Muslim girl allegedly killed by her parents was just five stone – sister
SHAFILEA Ahmed's weight plunged to just five stone after she drank bleach in fear she was going to be left in Pakistan by her family, her sister told a court today.
Alesha Ahmed was giving evidence in the trial of parents Iftikhar and Farzana, accused at Chester Crown Court of killing 17-year-old Shafilea at the family home in September 2003.
The alleged murder was witnessed by Alesha, then aged 15, who kept the secret for seven years, the jury has been told.
The parents, of Liverpool Road, Warrington, Cheshire, deny murder.
Asked about events leading up Shafilea's disappearance, Alesha, now 23, told the court about the family's trip to see relatives in Pakistan in early 2003.
She said the visit had been marked by discussions of marriage proposals for Shafilea and suggestions that the teenager would not be allowed to return home.
Alesha also said that after Iftikhar, 52, returned to the UK, Shafilea and their mother Farzana, 49, argued when the teenager was seen out of the house without wearing a shawl.
Describing the incident soon afterwards, in which Shafilea drank bleach, Alesha said it was a reaction to fears that she would be left behind in Pakistan.
"There was a general conversation and a remark was made to Shafilea which I think triggered her drinking the bleach," the witness said.
"(My mum) said something along the lines of Shafilea will be staying there and not going back.
"It was done in a humorous way but obviously it was very serious as other people were present."
Shafilea then went to the outside bathroom, Alesha said, and a few minutes later everybody heard a scream.
They all ran outside where Shafilea was holding her stomach and there was a bottle of bleach on the floor with the lid still off.
Alesha said: "Everyone just panicked around us. There were people from next door who came over. My nan and my uncle came over as well.

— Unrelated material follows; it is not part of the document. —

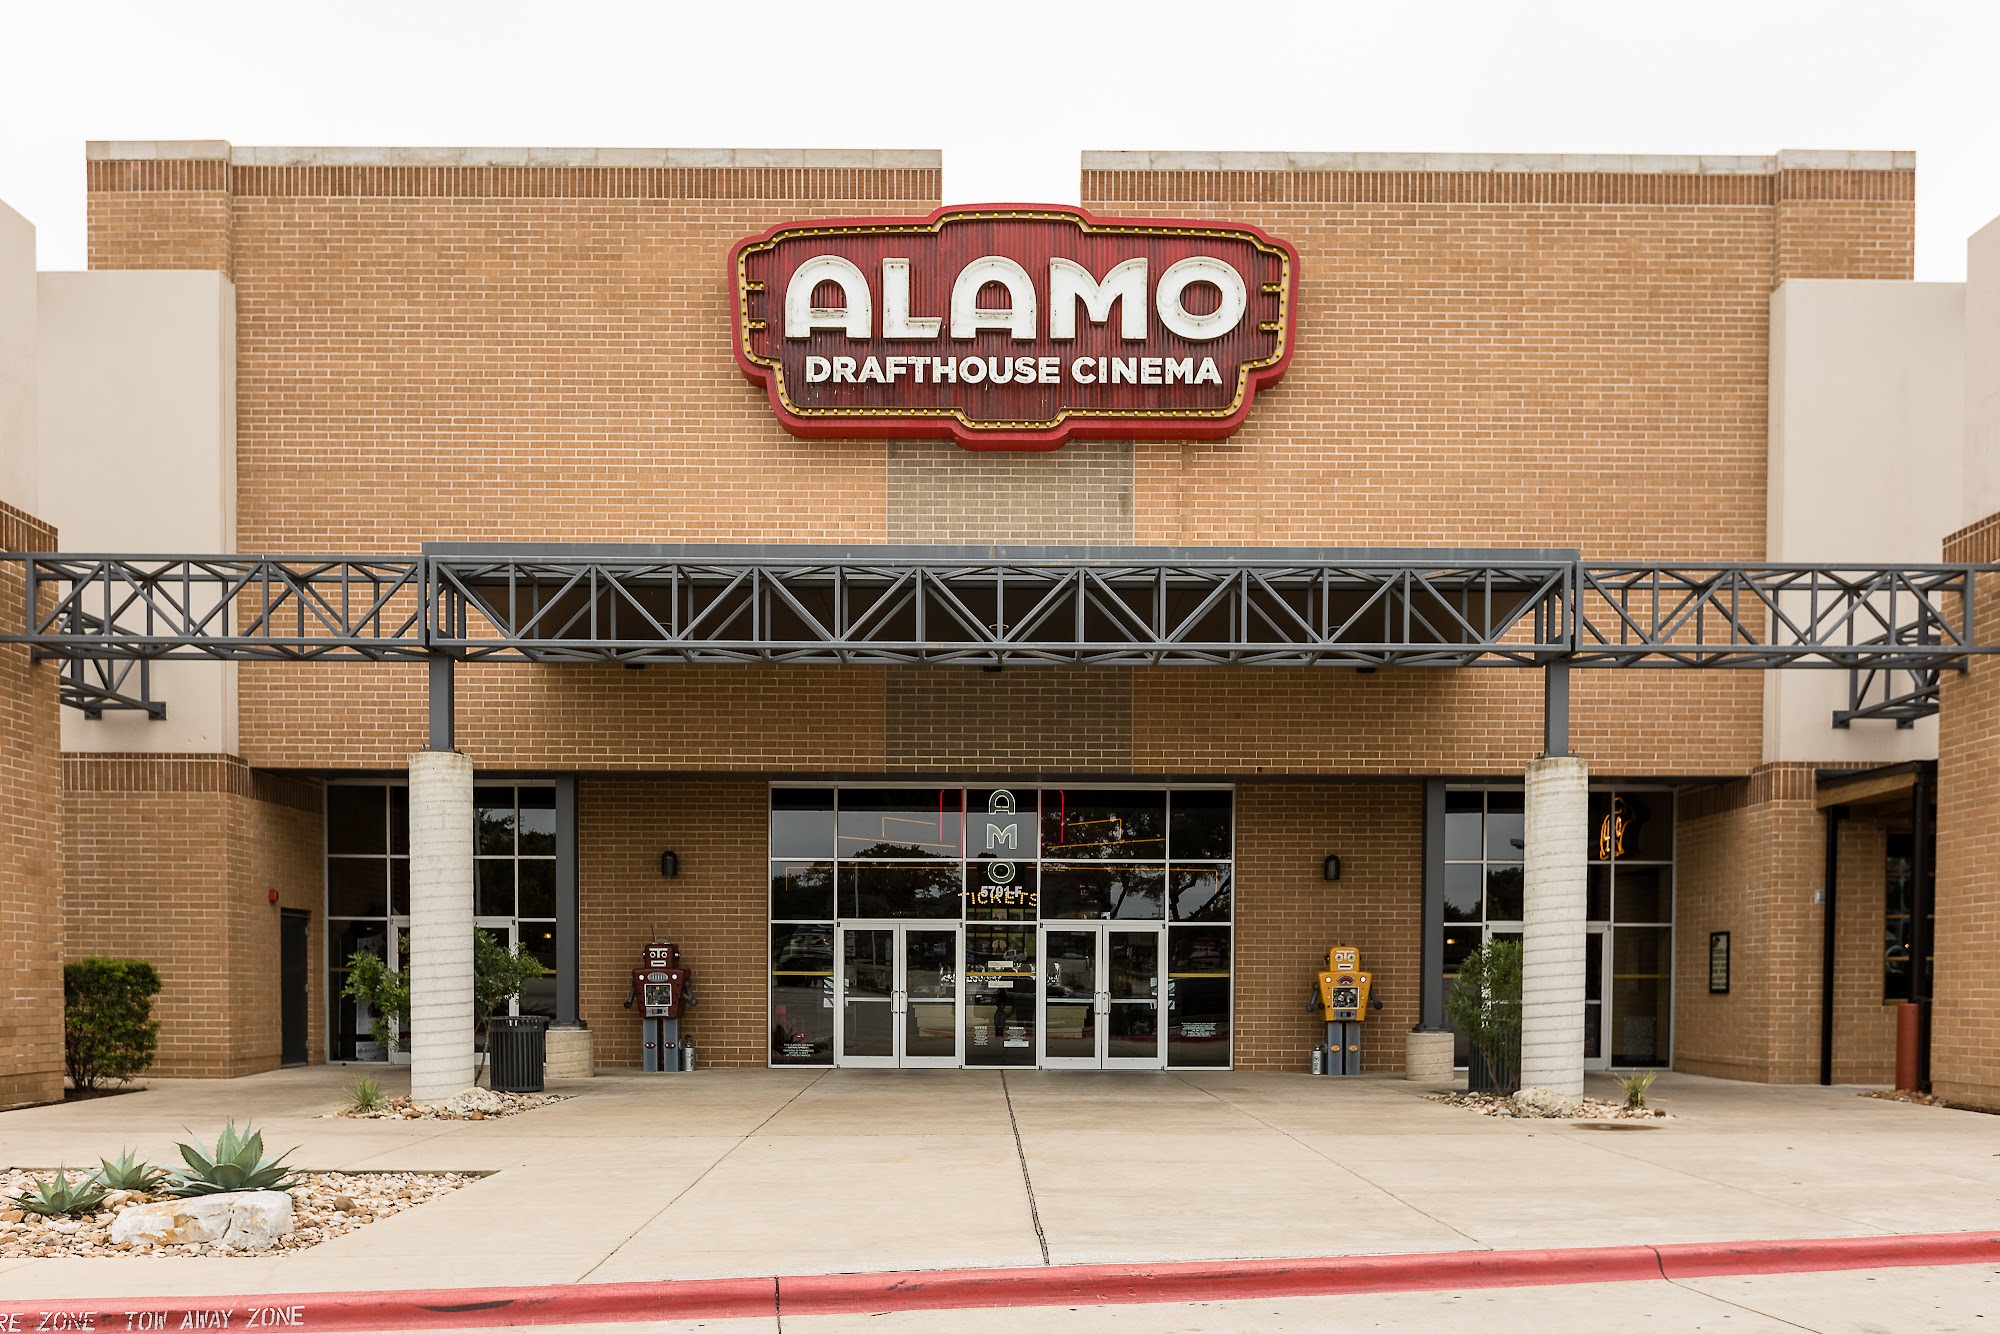 Alamo Drafthouse Cinema Slaughter Lane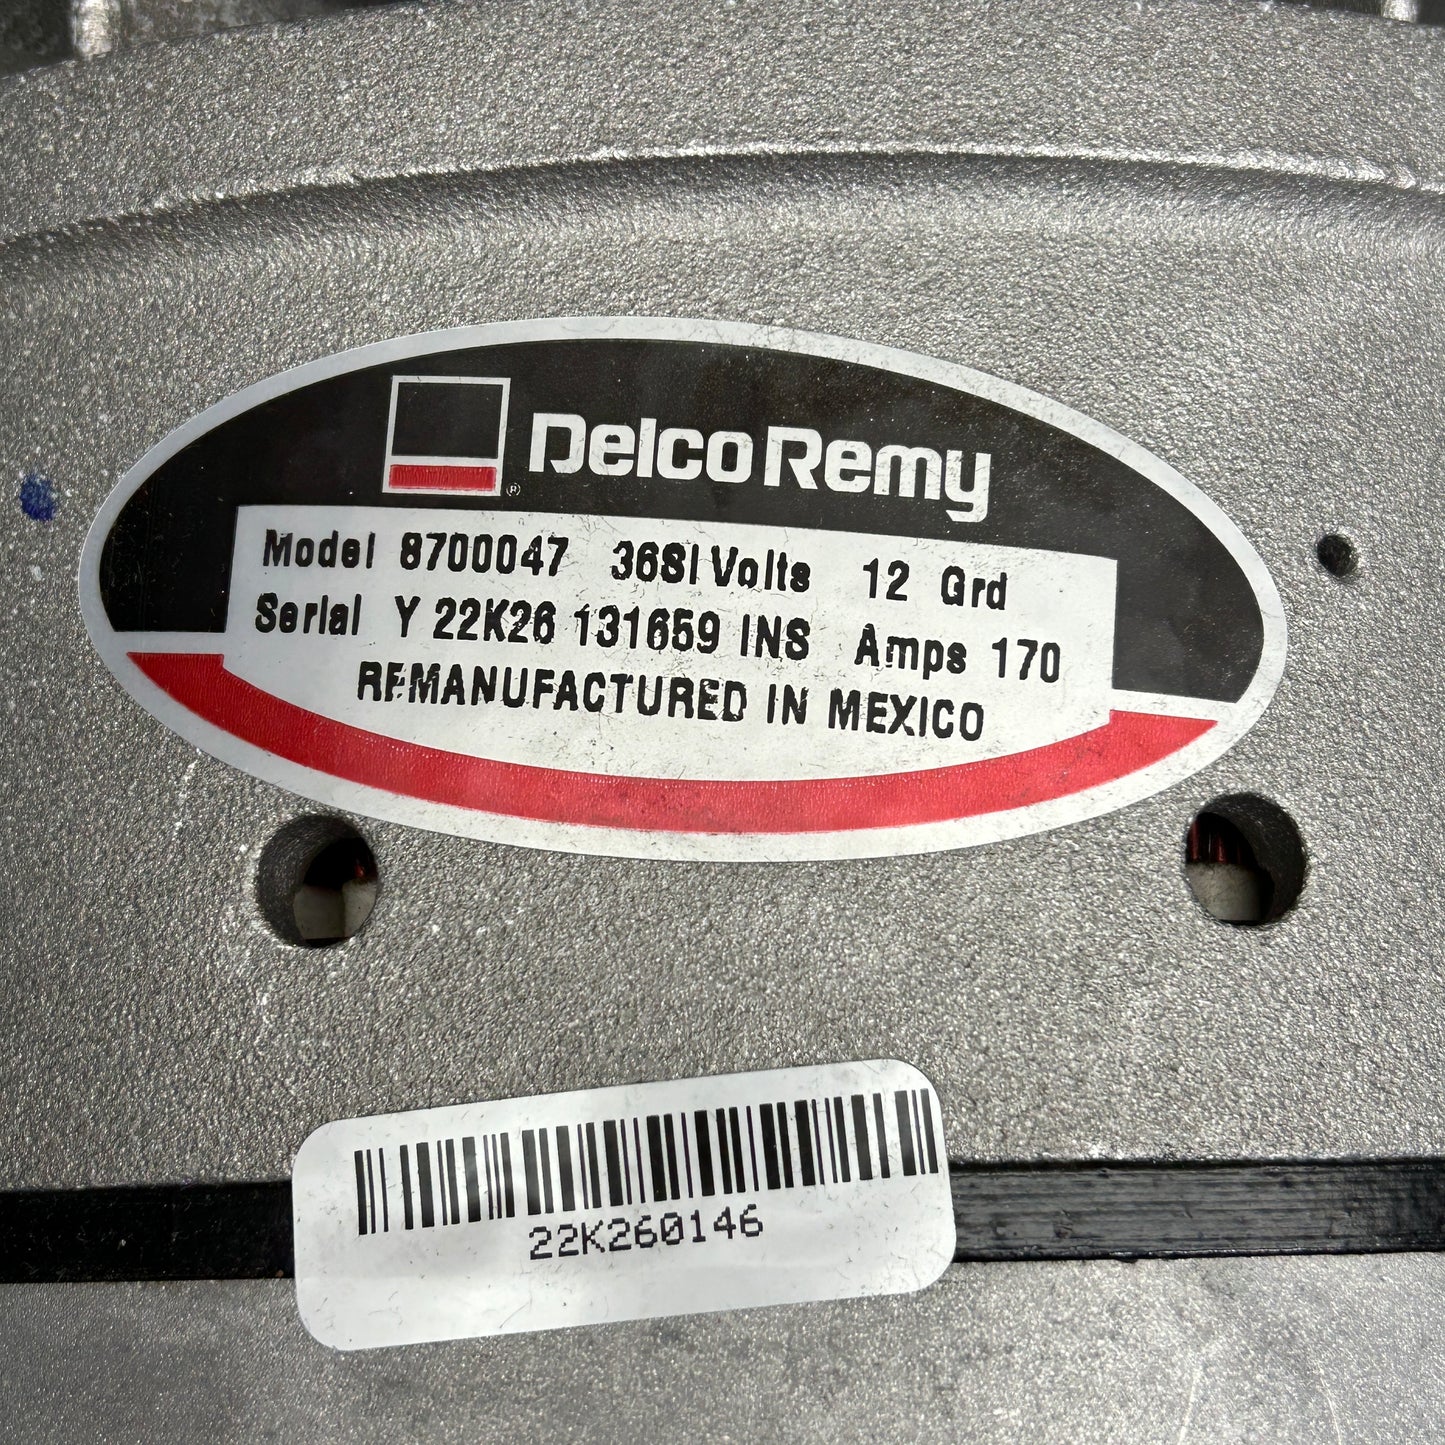 DELCO REMY Remanufactured Alternator 36SI 12V 170A 8700047 (New)

"My nan was the one who told my uncle to call for help and take her to hospital."
Asked about her mother's reaction, Alesha said she had a "distinct" look on her face before adding: "It was like she was thinking it's better she had done it herself."
Once Shafilea was in hospital, Alesha said their mother was angry because she had "made a scene".
"She had brought shame on the family and my mother told Shafilea to say it was a mistake," Alesha said.
"She told us that she was supposed to drink mouthwash but because it was dark she drank bleach instead."
But when the sisters were alone, Alesha said, there was no pretence.
She added: "I remember saying to Shafilea that I couldn't believe she had drank bleach and that she had done that to herself.
"She said 'What else was I supposed to do?'."
The incident caused severe damage to Shafilea's throat and she was unable to eat properly for some months, Alesha said.
After initially remaining in Pakistan when her mother returned to the UK, Shafilea's condition failed to improve and she was brought home.
The night she returned she was taken to Warrington hospital, where she remained as an inpatient for the next three months.
"I know there was an occasion when she was weighed in hospital which was not too long before she came out and it was around five stone," Alesha said.
Andrew Edis QC, prosecuting, told the court yesterday that Alesha witnessed "an act of suffocation" on Shafilea by both her parents.
He said they put their hands over Shafilea's face "to close her airways so she could not breathe".
He added: "She had a bag forced into her mouth."
The teenager's decomposed remains were discovered in Cumbria in February 2004 but it was not until 2010 that Alesha provided the "final piece of the puzzle" about her death, Mr Edis said.
The couple allegedly murdered their "westernised" daughter because they believed her conduct was bringing shame on the family.
The court heard that when Shafilea came out of hospital, her parents told her she could not go back to Great Sankey High School because they believed that was where the "trouble" started in the first place.
Instead she was enrolled at the nearby Priestley Sixth Form College.
Asked by Mr Edis what Shafilea wanted to achieve, Alesha responded: "She wanted to become a lawyer."
She described how her sister had started agreeing more to her parents' demands on her and said the arguments became less frequent.
She took a part-time job after college and was allowed to have a mobile phone but had to leave it in the kitchen when she came home.
Alesha said at one point three of Shafilea's friends from Great Sankey High School came to the family home looking for her.
She said their mother told them she was not in, even though Shafilea was upstairs.
Alesha said her friends would not go away and carried on knocking on the door.
She said: "My mum told her (Shafilea) to come downstairs and then she spoke to her and told her to tell them to go away and that she did not want to speak to them."
Alesha said Shafilea did as she was asked as she "didn't want to cause any more trouble for her friends".
She said after a "week or two" Shafilea managed to put on about half a stone in weight but in September more trouble started between her sister and her mother because of her non-traditional clothes.
They were picking her up from work and Shafilea was wearing a T-shirt and white trousers.
"I think she was starting to go back to how she used to dress, to be honest," Alesha said.
"She (Mrs Ahmed) was not happy about her being in a T-shirt... There was a car next to us which had Asian people in there and so she was not happy that someone had seen her like that."